What data would be stored on this block chain? Honestly seems like a bit of a privacy nightmare. I wouldn't want all family history and identifiable information to be public, so it can serve as an ID.
To go along with the point above, how would you verify that a specific certificate on the chain belongs to you? Similar to a password for a crypto wallet? So that it can be lost without ability to be recovered, that your parents have control over it from the start, and that people who gain access to it can abuse it? Basically all issues similar to the US social security number? Or by having a passport or similar do the job, which kind of defeats a lot of the purpose of that blockchain being the source of ID.

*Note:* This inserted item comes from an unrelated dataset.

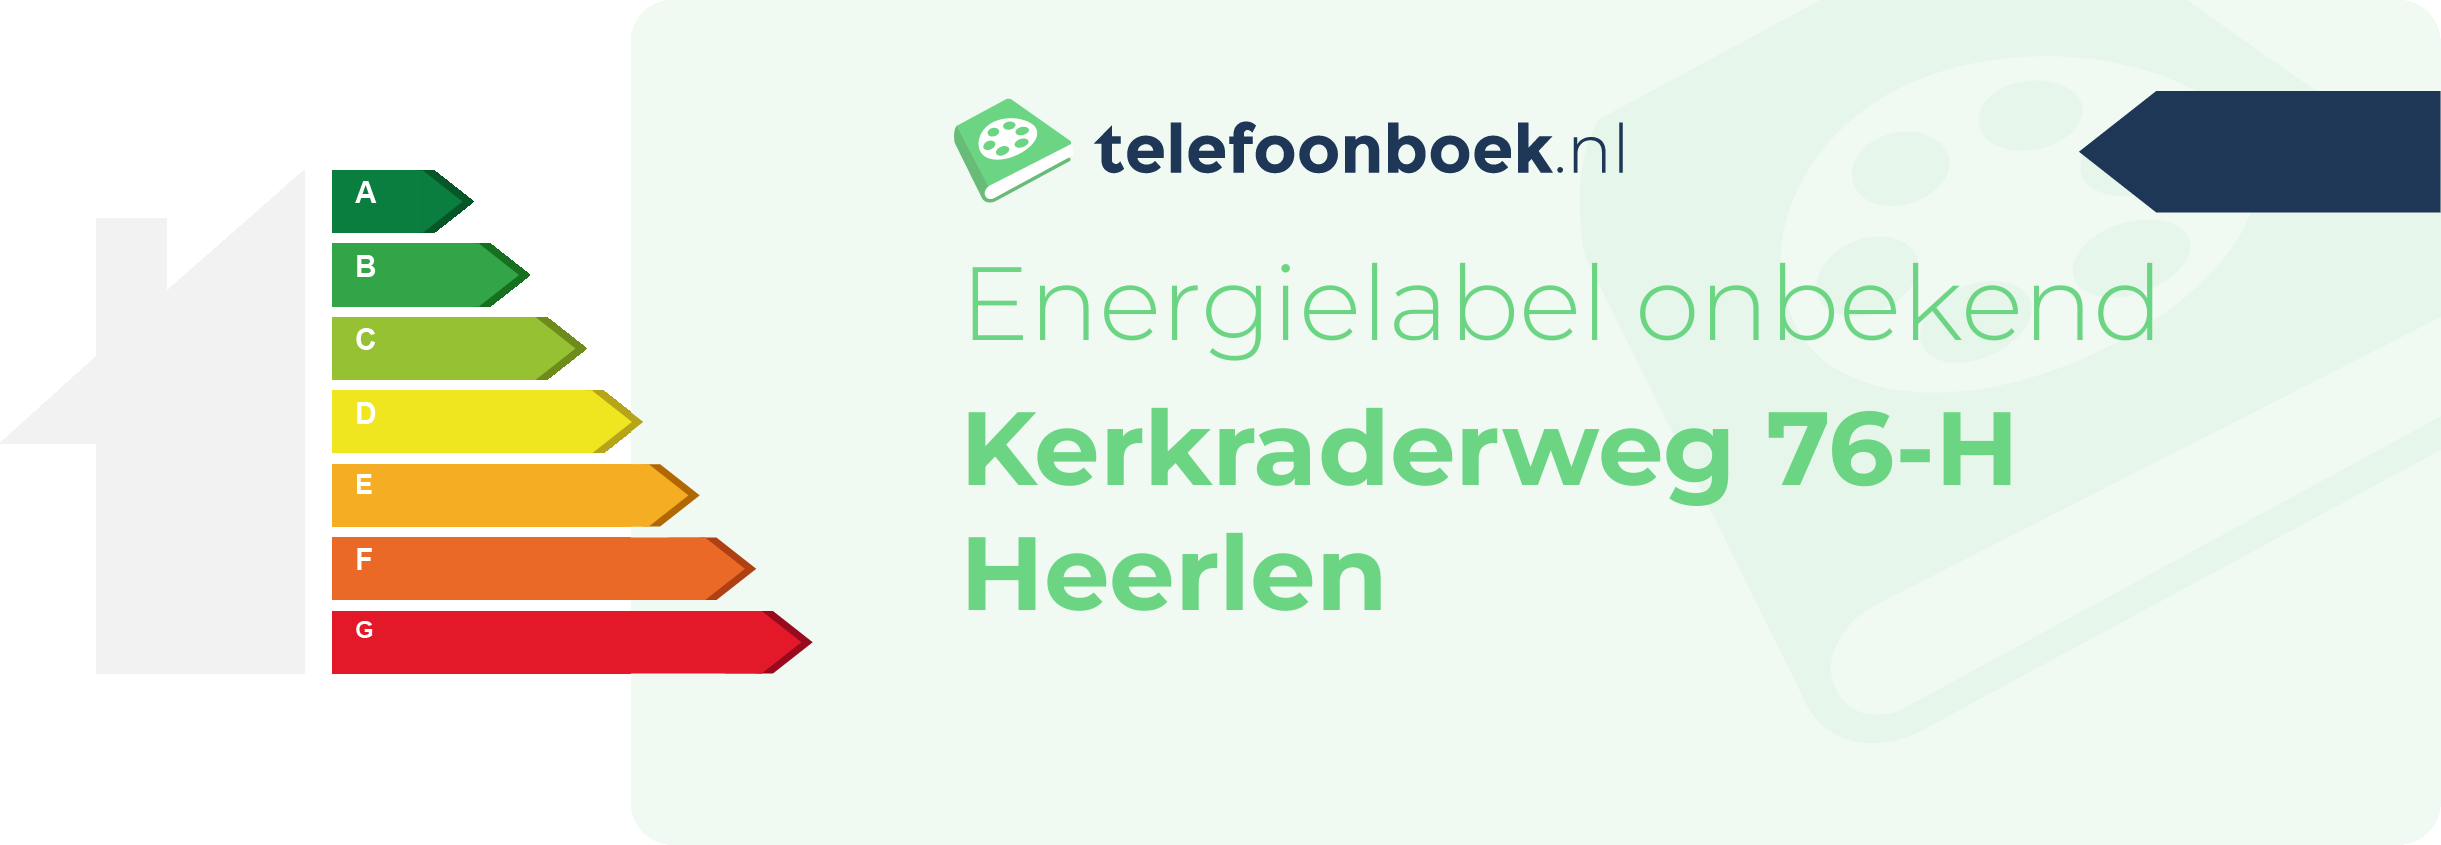 Energielabel Kerkraderweg 76-H Heerlen

It wouldn't be enough to make a birth/death certificate. You would still need a system to change/add information. Like what if somebody changes their names? Also not every child will be added from the start, so you will need to handle late additions (that e.g. make date of birth even more unsure). What if someone goes missing or dies and it isn't reported? Also a small number of people might also require new identities for security purposes (think victims of abuse), how do you handle the need for an institution having the ability to create such fictional new identities?
I could probably find more issues.
So imo truth ultimately has to come from somewhere in the real world. And at places that might benefit from some system that is seperated from institutions (because they are poor, authoritarian, oppressive or have unstable governments for example) will at the same time have more difficulties providing something you can trust.
And in reverse regions that might have an easier time like the EU don't really seem to need it. Also as far as electronic IDs go the EU is planning that with eIDAS 2.0 and the EUID. Don't think it invloves a blockchain at any stage.